Paul Murphy, who was acting chief at the time, complained to Butler, who was handling the matter, and also called St. Pierre, who was on vacation in Maine. Both St. Pierre and Butler said they believed Murphy was trying to get them to make an exception for his daughter, according to the report. 

Murphy said he didn't recall telephoning the chief, but department records show that two calls were placed to the chief's vacation home, according to the Ethics Commission report.

State ethics laws prohibit a city employee from getting involved in a matter where a family member has a financial interest.

Murphy also admitted lobbying the chief to delay a reserve officer's appointment to full-time duty because he felt that his daughter, who had longer reserve service and a higher ranking on the Civil Service list, should be appointed first. By his actions, Murphy got involved in a matter where his daughter stood to benefit, the commission stated. Police overtime, details, shift bidding and layoffs are all determined by seniority.

The Ethics Commission dropped two charges pertaining to a vacation dispute and a cruiser accident involving Patricia Murphy.
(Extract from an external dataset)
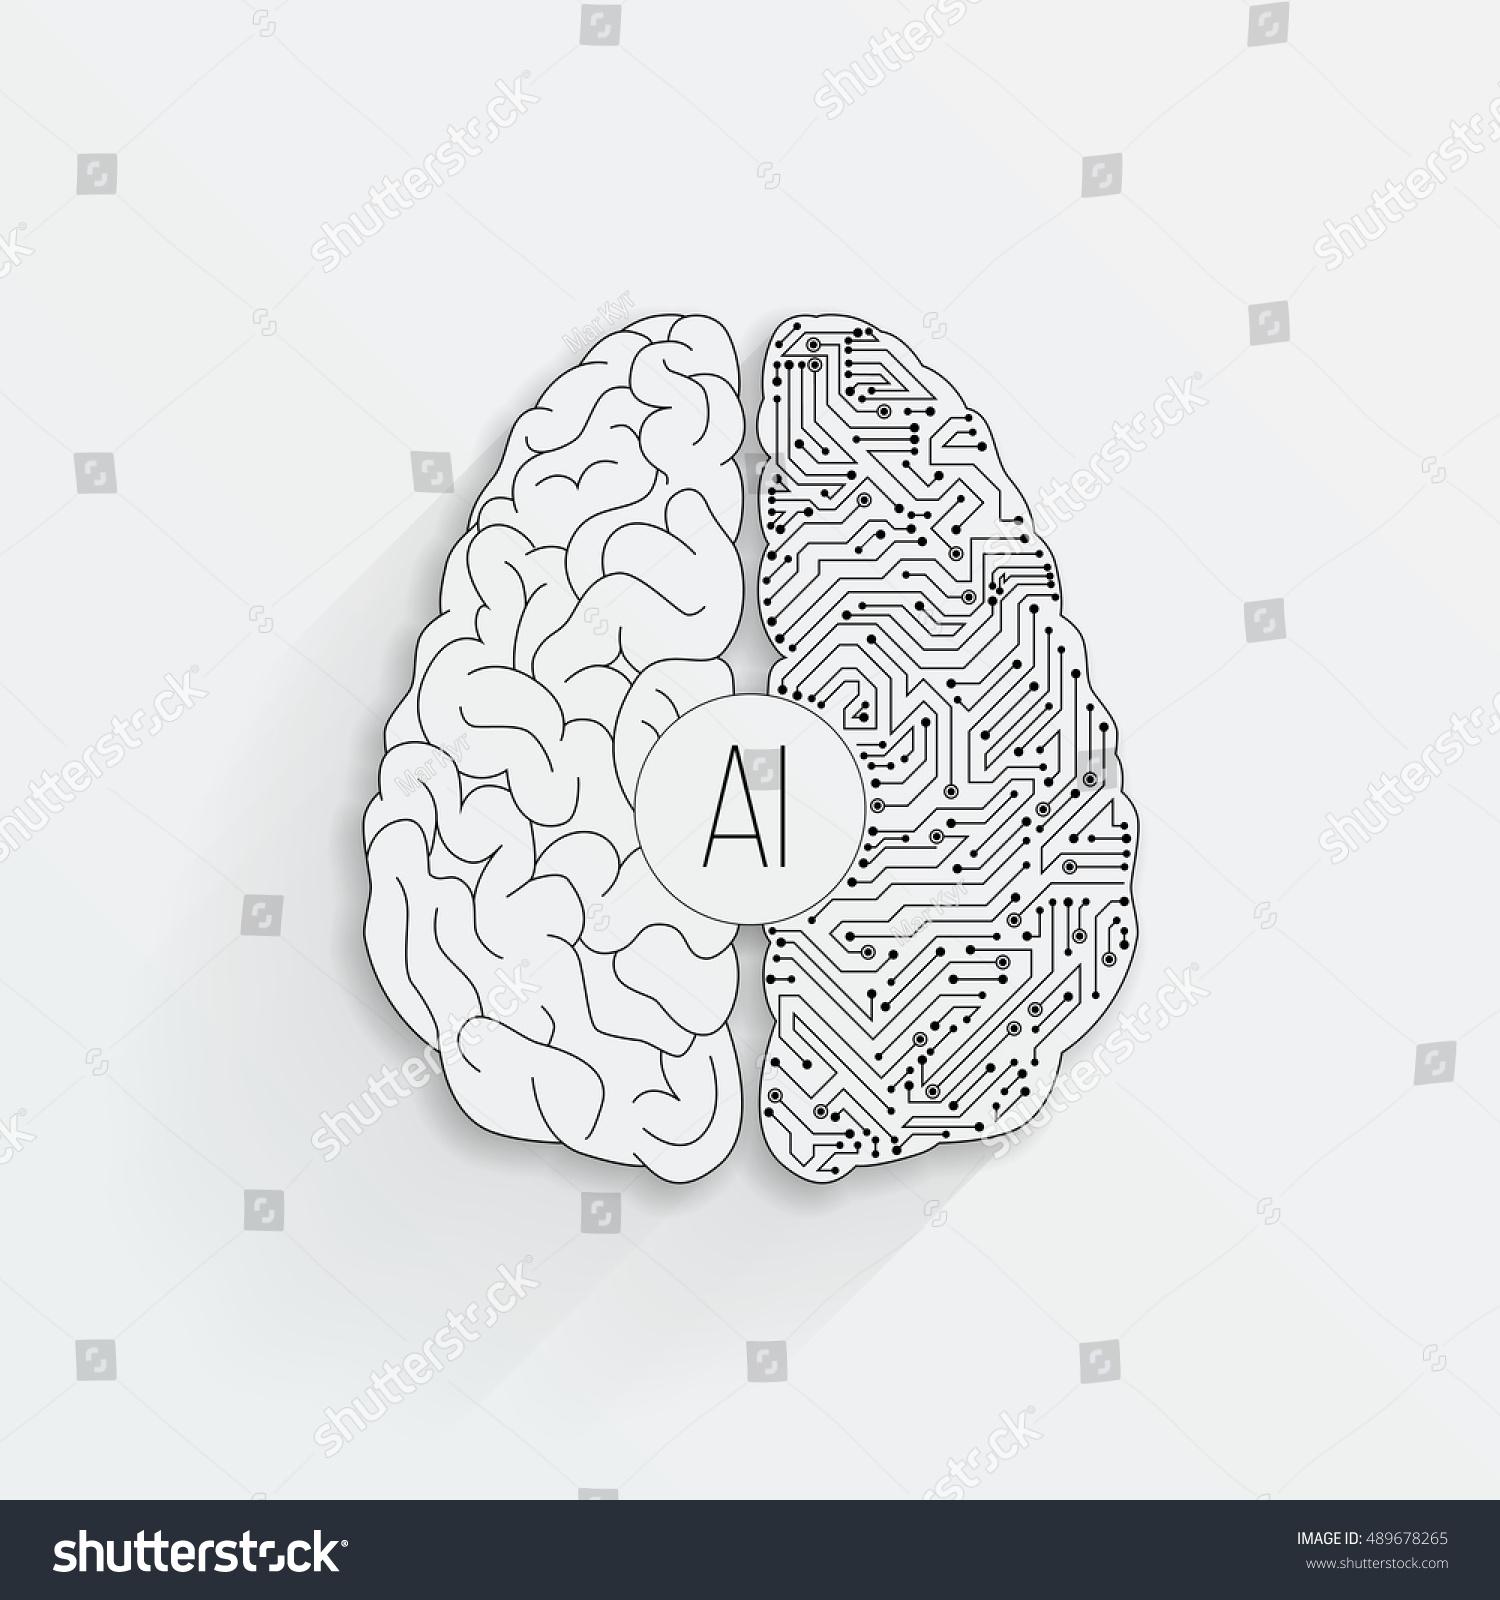 brain top view vector - photo #18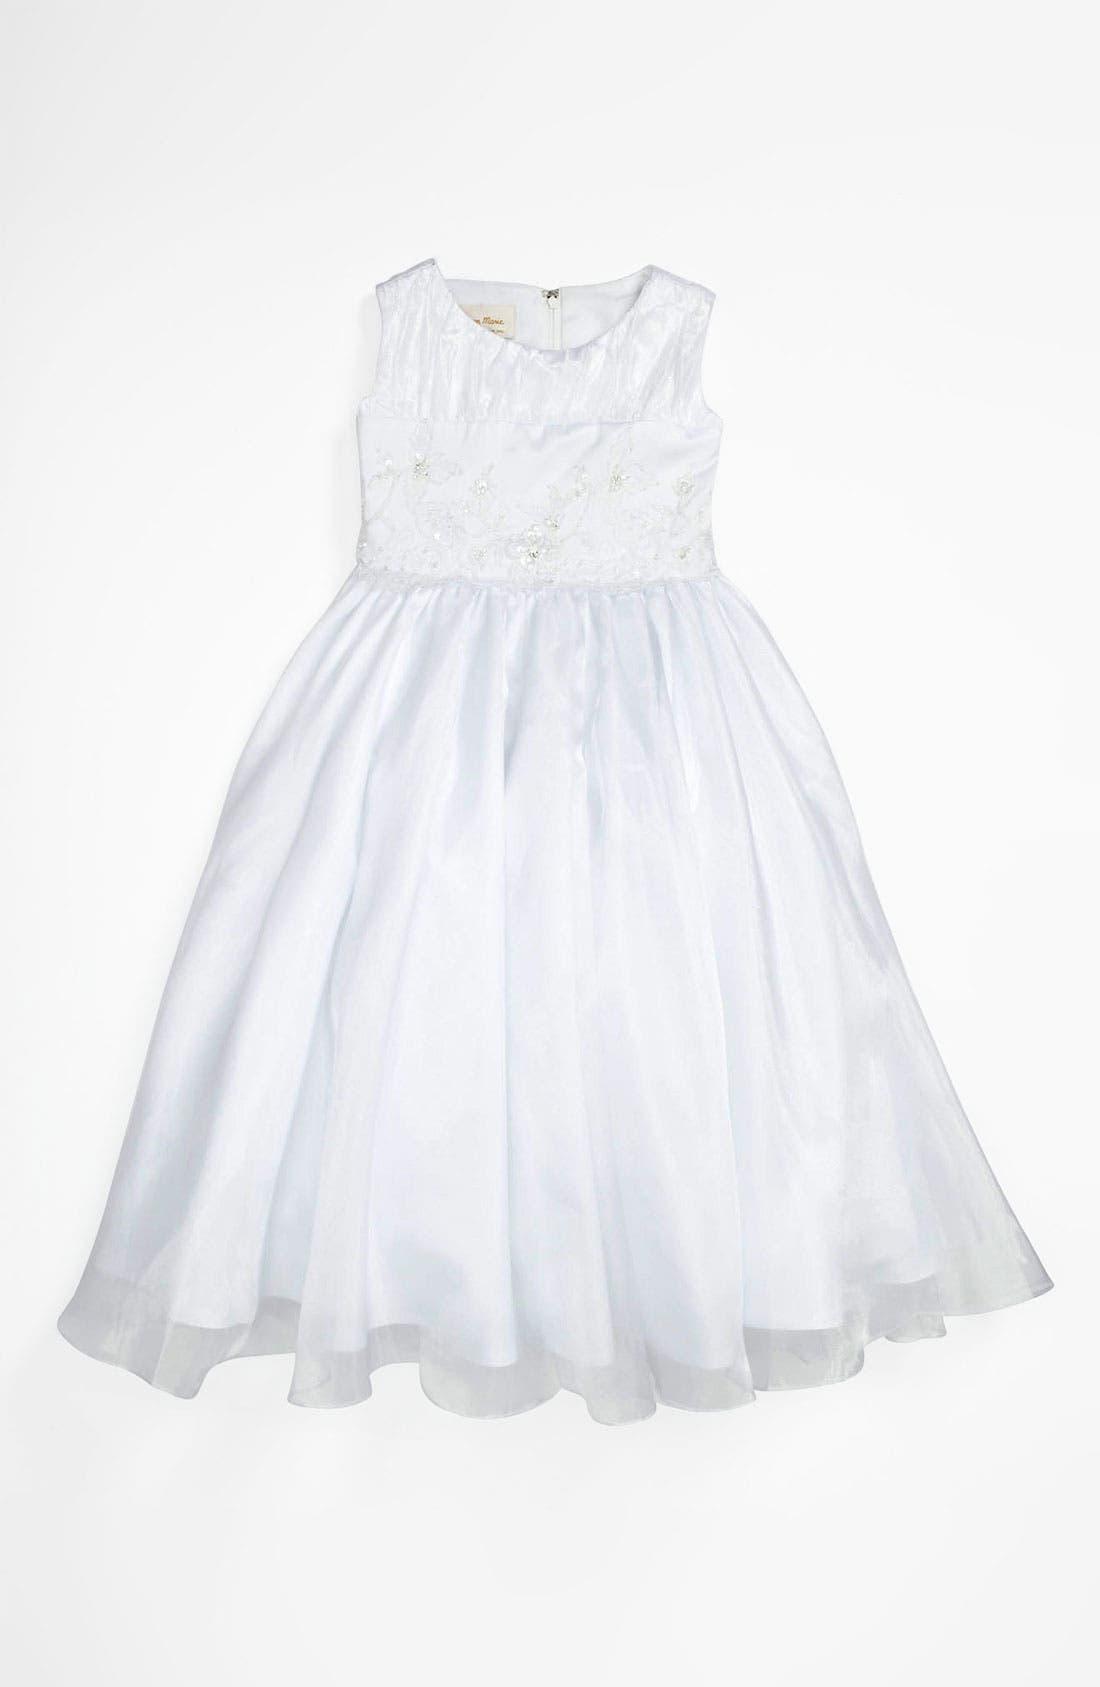 Alternate Image 1 Selected - Lauren Marie Embroidered Dress (Little Girls & Big Girls)

The stage agency began its investigation in November 2003 and found reasonable cause that Murphy violated state conflict-of-interest laws this past August. The hearing was scheduled to begin on Wednesday.

Murphy was fired by Mayor Stanley Usovicz in 2003. At the same time, he filed for retirement and is receiving a city pension. Being fired, unless on a criminal charge, does not disqualify a city employee from getting a pension, according to the city's retirement board. 

Patricia Murphy, who was a reserve officer for five years and hired full time in 2001, was fired in 2004. Appeals of both firings are pending before the state Civil Service Commission.


----------